▸ Provided data

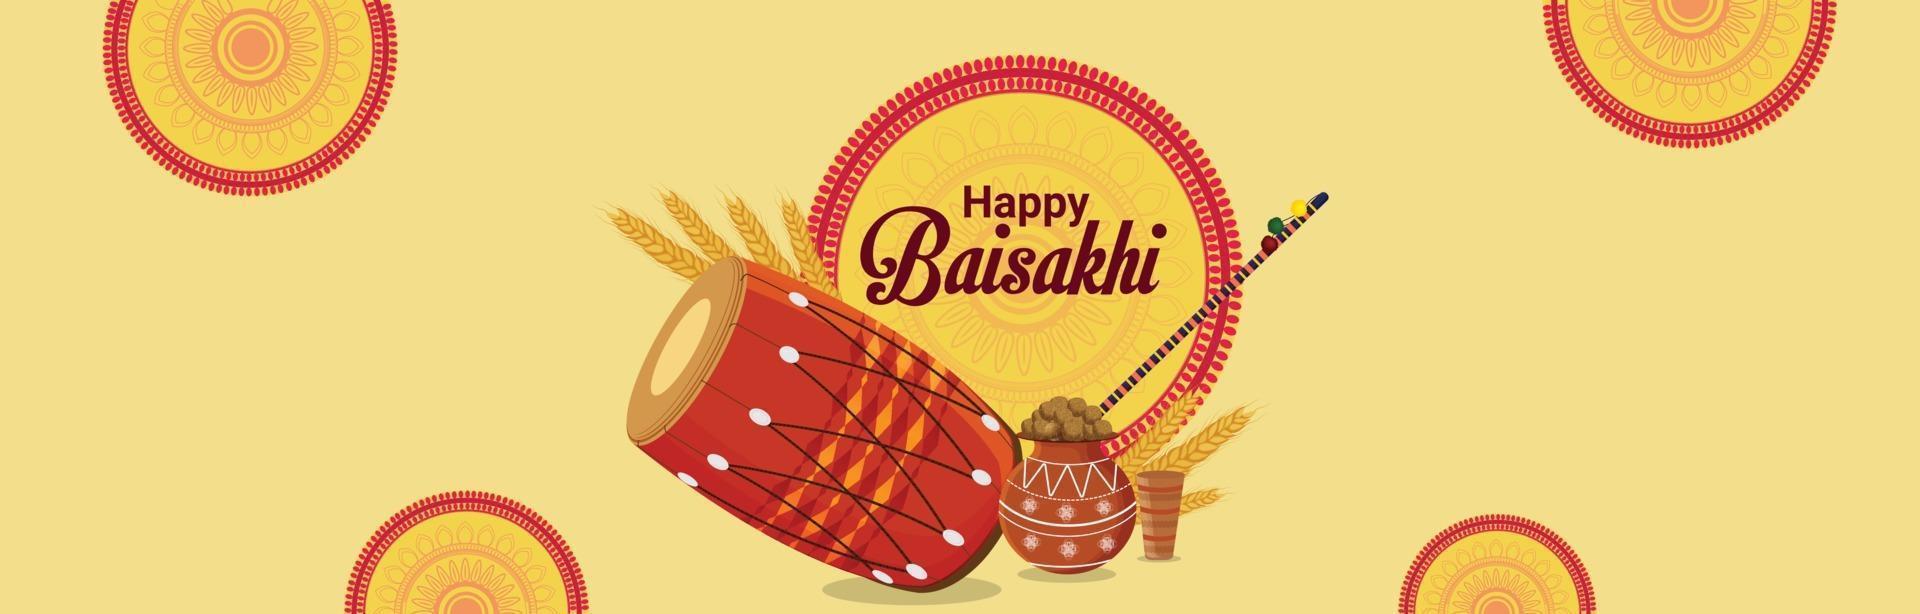 banner de celebração vaisakhi feliz vetor
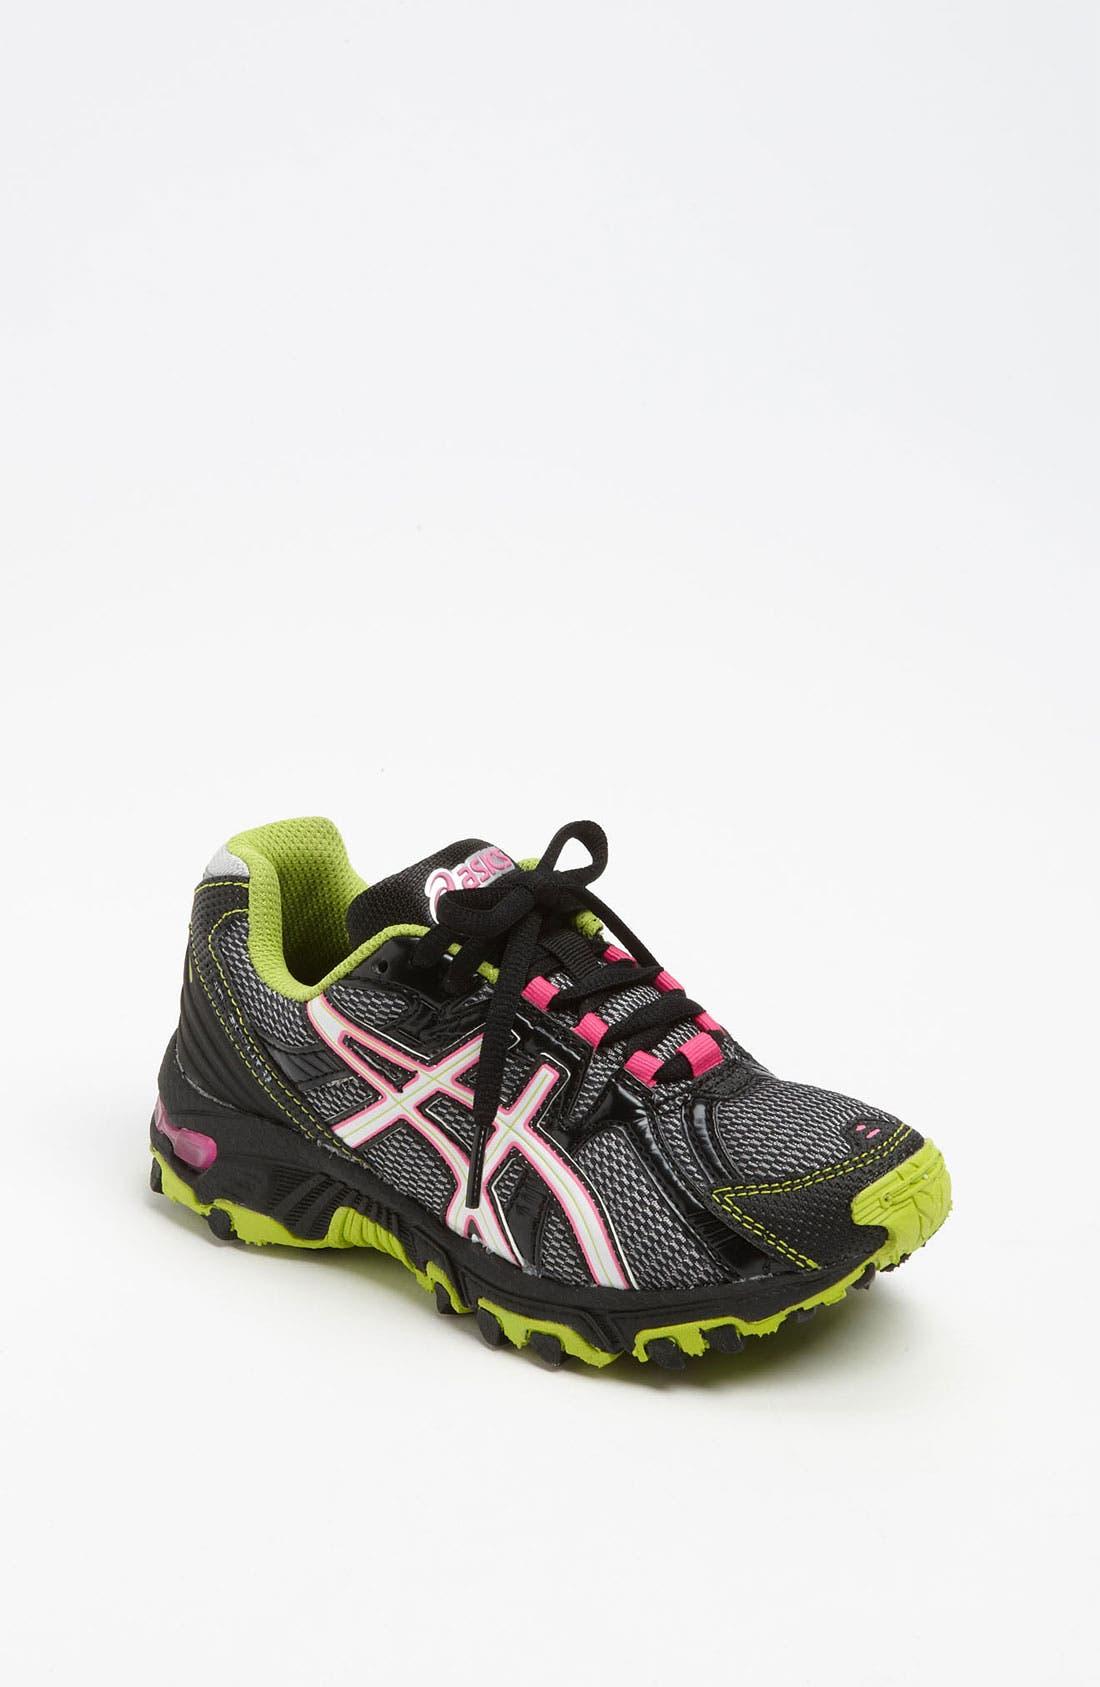 Main Image - ASICS® 'GEL-Scout' Running Shoe (Little Kid & Big Kid)
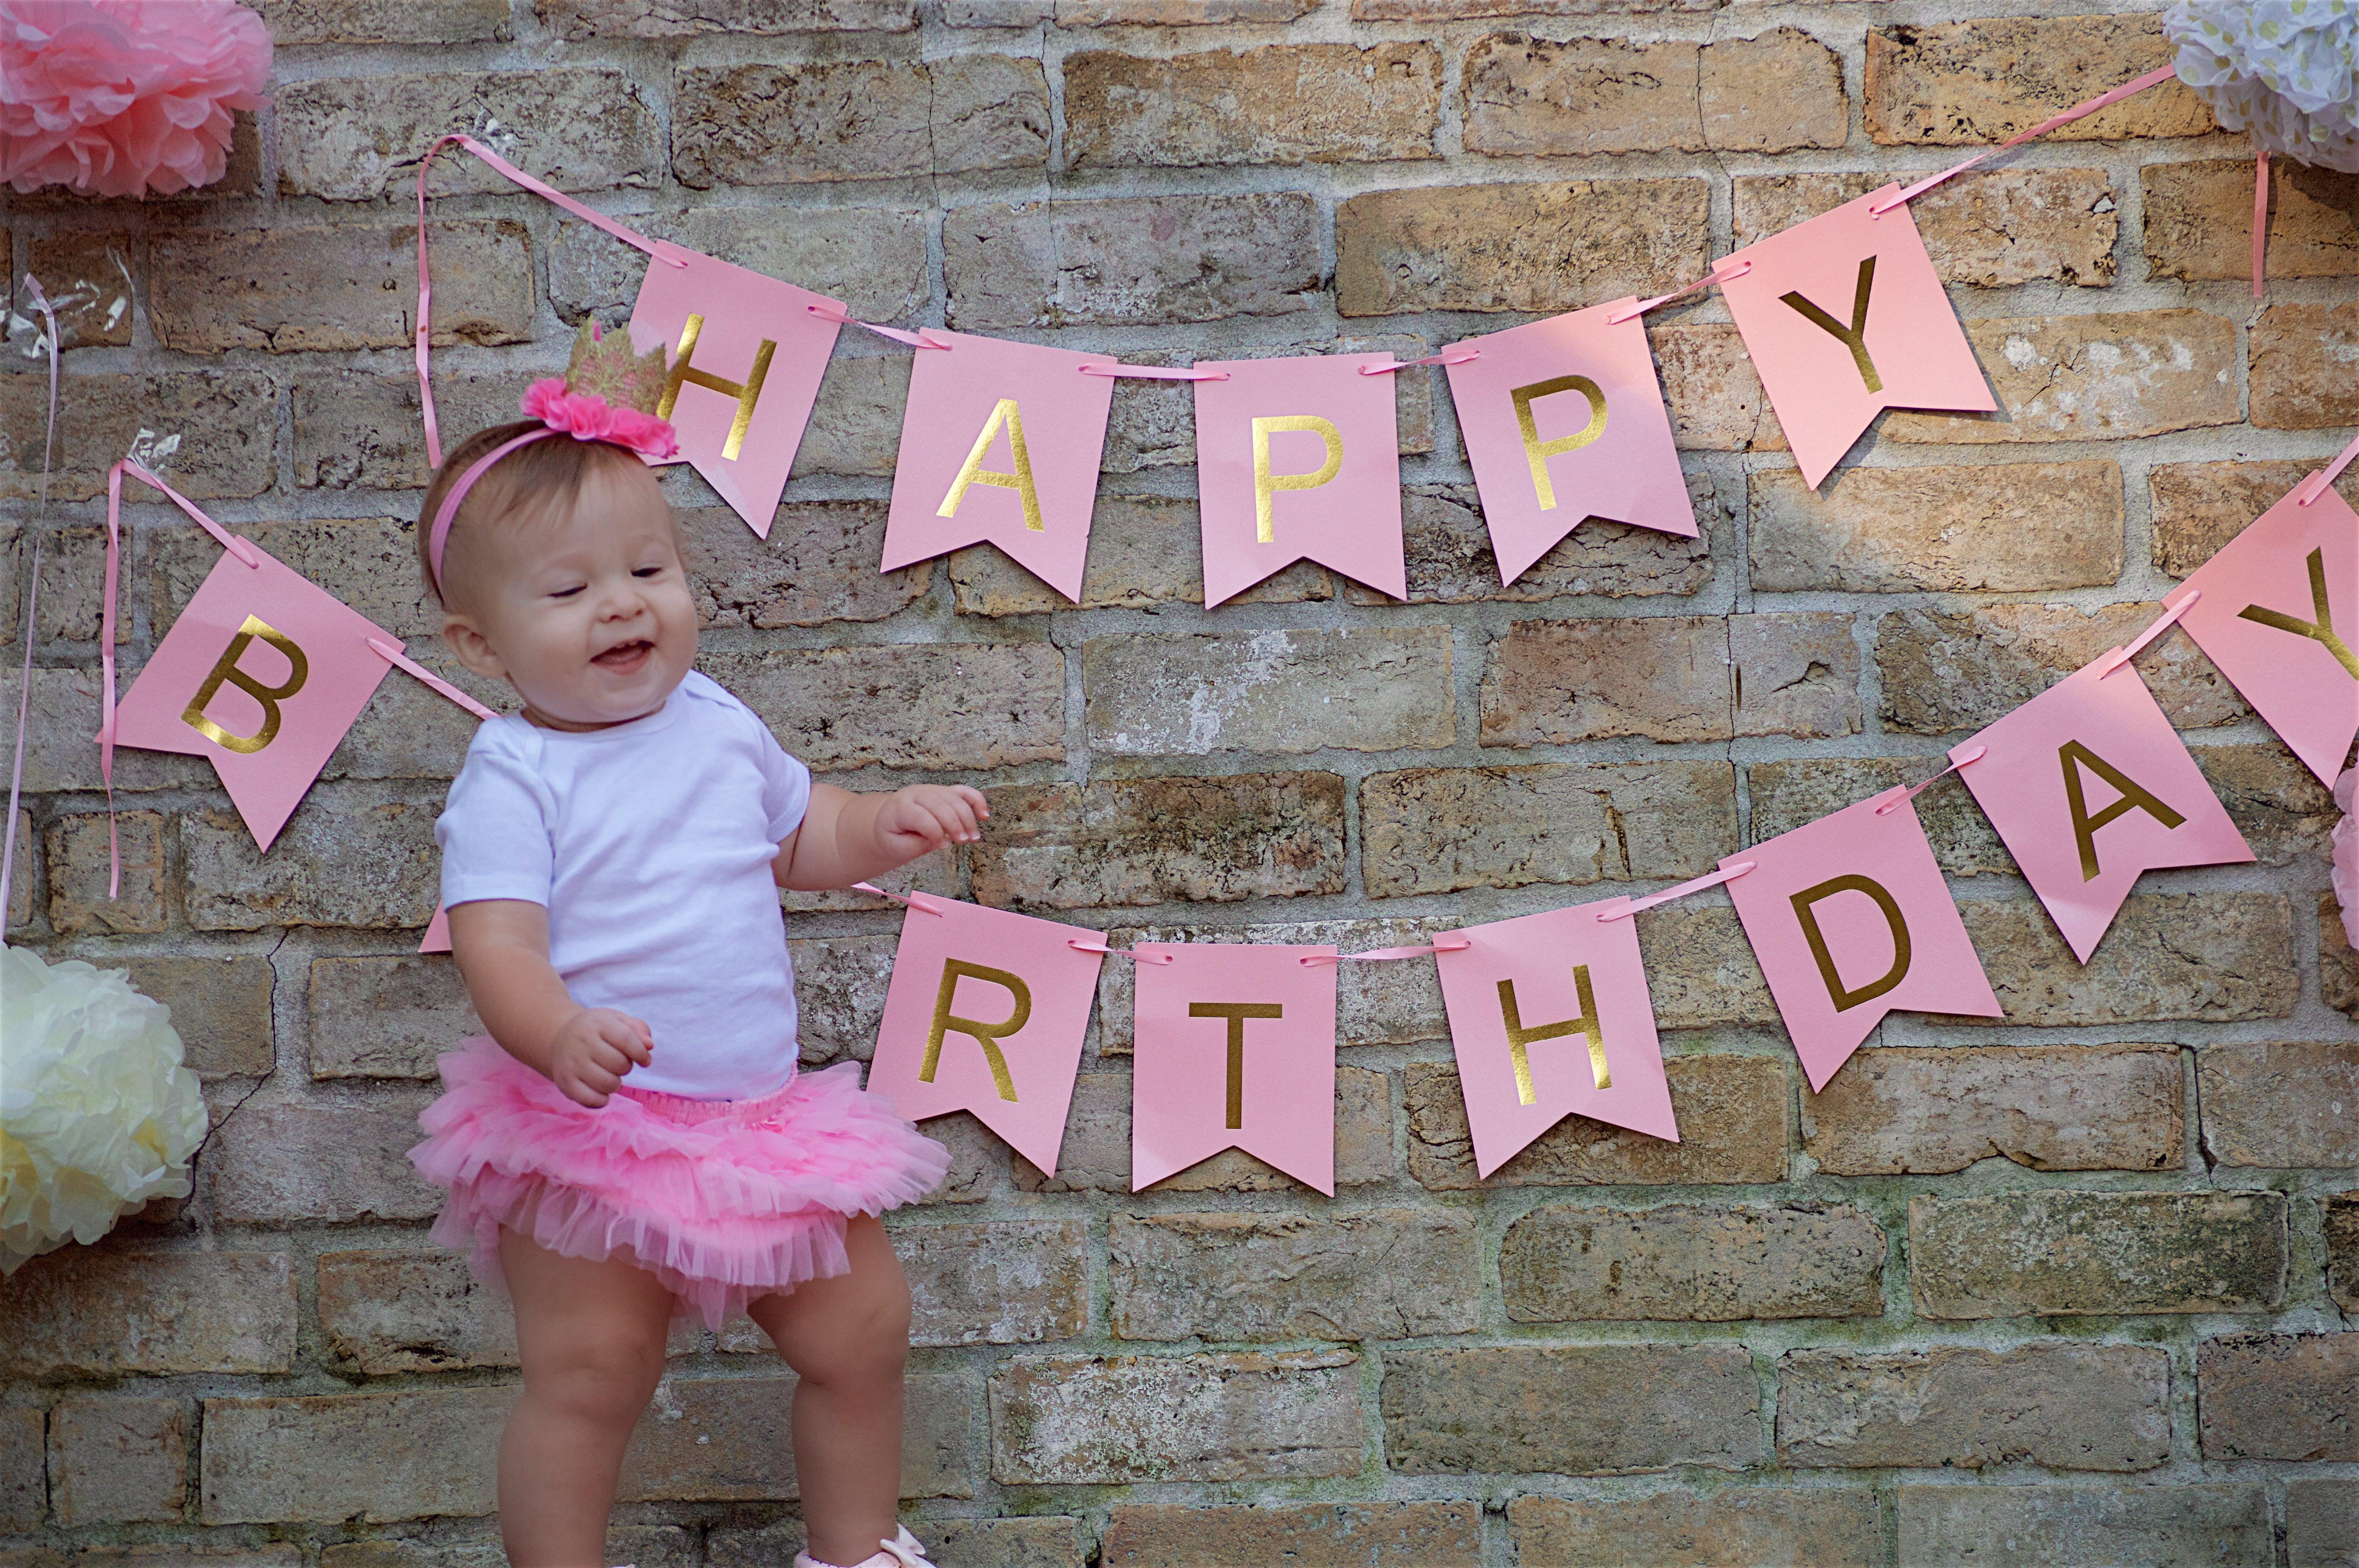 Fotos de stock gratuitas de amable, bebé, belleza, bonito

▸ Problem
What the answer needs is every line from the one with "Main Image - ASICS®" through the last line of the data, reproduced word for word and with pictures omitted.

▸ Problem solution
 Main Image - ASICS® 'GEL-Scout' Running Shoe (Little Kid & Big Kid)
 Fotos de stock gratuitas de amable, bebé, belleza, bonito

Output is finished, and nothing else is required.